JP2000278217A - Optical transmission equipment - Google Patents

Abstract

(57) [Problem] To provide an optical transmission device capable of increasing an unnecessary optical signal suppression degree with a simple configuration. SOLUTION: A wavelength division multiplexed optical signal 15 having two optical signals generated from the same light source 1 and having different optical frequencies is split into respective optical signals 16 and 18 by an optical multiplexer / demultiplexer, and one of the split lights is provided. The signal 16 is optically modulated by the transmission signal 7, the optically modulated optical signal 17 and the other optical signal 18 are multiplexed, and the multiplexed wavelength-division multiplexed optical signal 19 is transmitted. In an optical transmission apparatus which is capable of receiving a modulated signal of the transmission signal having a center frequency of an optical frequency difference between two optical signals by detection, the one optical signal 17 and the other optical signal which are optically modulated are provided. 18 are reflected, respectively, and returned to the optical multiplexer / demultiplexer 5 where the original wavelength-division multiplexed optical signal 15 is demultiplexed. The two optical signals 17 and 18 returned by the optical multiplexer / demultiplexer 5 are multiplexed. The wavelength-division multiplexed optical signal 19 is The light is separated from the original wavelength multiplexed optical signal 15 by the curator 4.

Description

DETAILED DESCRIPTION OF THE INVENTION

[0001]

BACKGROUND OF THE INVENTION 1. Field of the Invention The present invention relates to an optical transmission device for optically transmitting a high-frequency signal such as a millimeter wave, and more particularly to an optical transmission device capable of suppressing unnecessary optical signals with a simple configuration.

[0002]

2. Description of the Related Art Conventionally, in a millimeter wave band communication system, a waveguide is used as a transmission line. However, since transmission loss is large and long-distance transmission cannot be performed, use of an optical fiber having a small transmission loss has been studied. I have. However, when an optical signal is directly intensity-modulated by a millimeter-wave band signal of several tens of GHz and transmitted through an optical fiber, the optical spectrum spread of the modulated optical signal due to the intensity modulation is large, and is greatly affected by waveform distortion due to optical fiber chromatic dispersion. Transmission distance is limited. Therefore, FIG.
An optical transmission device as shown in FIG.
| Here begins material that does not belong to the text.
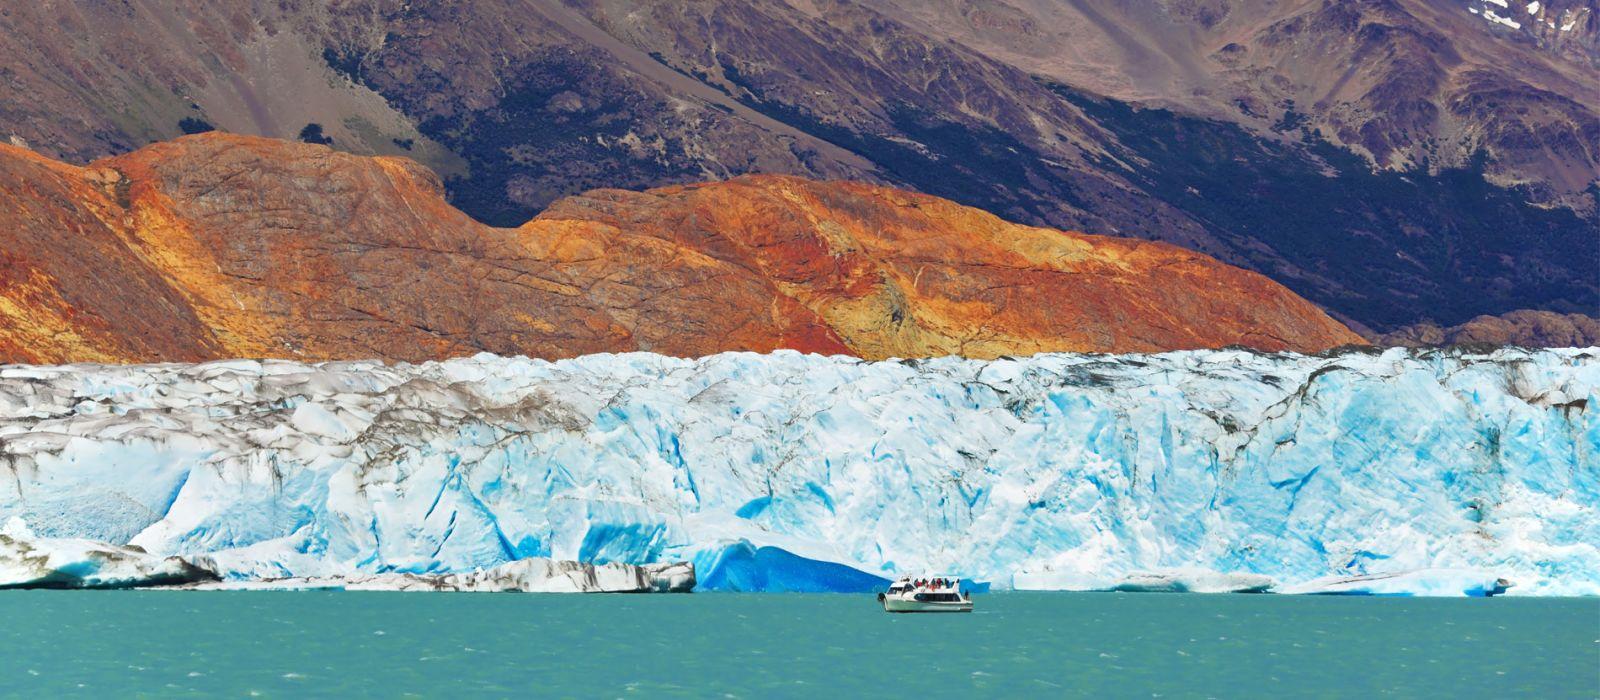 Destination Lago Viedma Argentina

In the optical transmission apparatus shown in FIG. 3, a single-oscillation optical signal output from a light source 1 is input to an optical intensity modulator 3 and intensity-modulated by a millimeter-wave signal 2 having a frequency of F / 2. The optical spectrum of the intensity-modulated optical signal becomes an optical spectrum having two sidebands at an optical frequency separated by ± F / 2 with respect to the oscillation optical frequency. A wavelength-division multiplexed optical signal 1 composed of two optical signals whose optical frequency interval (optical frequency difference) is F
5 is input to the optical multiplexer / demultiplexer 13 and separated into optical signals having optical spectra in the respective sidebands. One of the separated optical signals 16 is input to the optical modulator 6 and optically modulated by the transmission signal 7. This optically modulated optical signal 17
Is input to the optical multiplexer / demultiplexer 14. The other optical signal 1
8 is input to the optical multiplexer / demultiplexer 14 as it is. The optical multiplexer / demultiplexer 14 multiplexes the optically modulated optical signal 17 and the other optical signal 18. This wavelength multiplexed optical signal 19 is transmitted to the receiving station.

In the receiving station, the wavelength multiplexed optical signal 1
By inputting 9 to an optical receiver and performing heterodyne detection, it is possible to receive a millimeter-wave modulated signal that appears as a beat signal at a frequency F corresponding to the frequency difference between two optical signals.

FIG. 4 shows an optical spectrum of a wavelength multiplexed optical signal 19 output from the optical multiplexer / demultiplexer 14, and FIG. 5 shows a spectrum of an electric signal after heterodyne detection.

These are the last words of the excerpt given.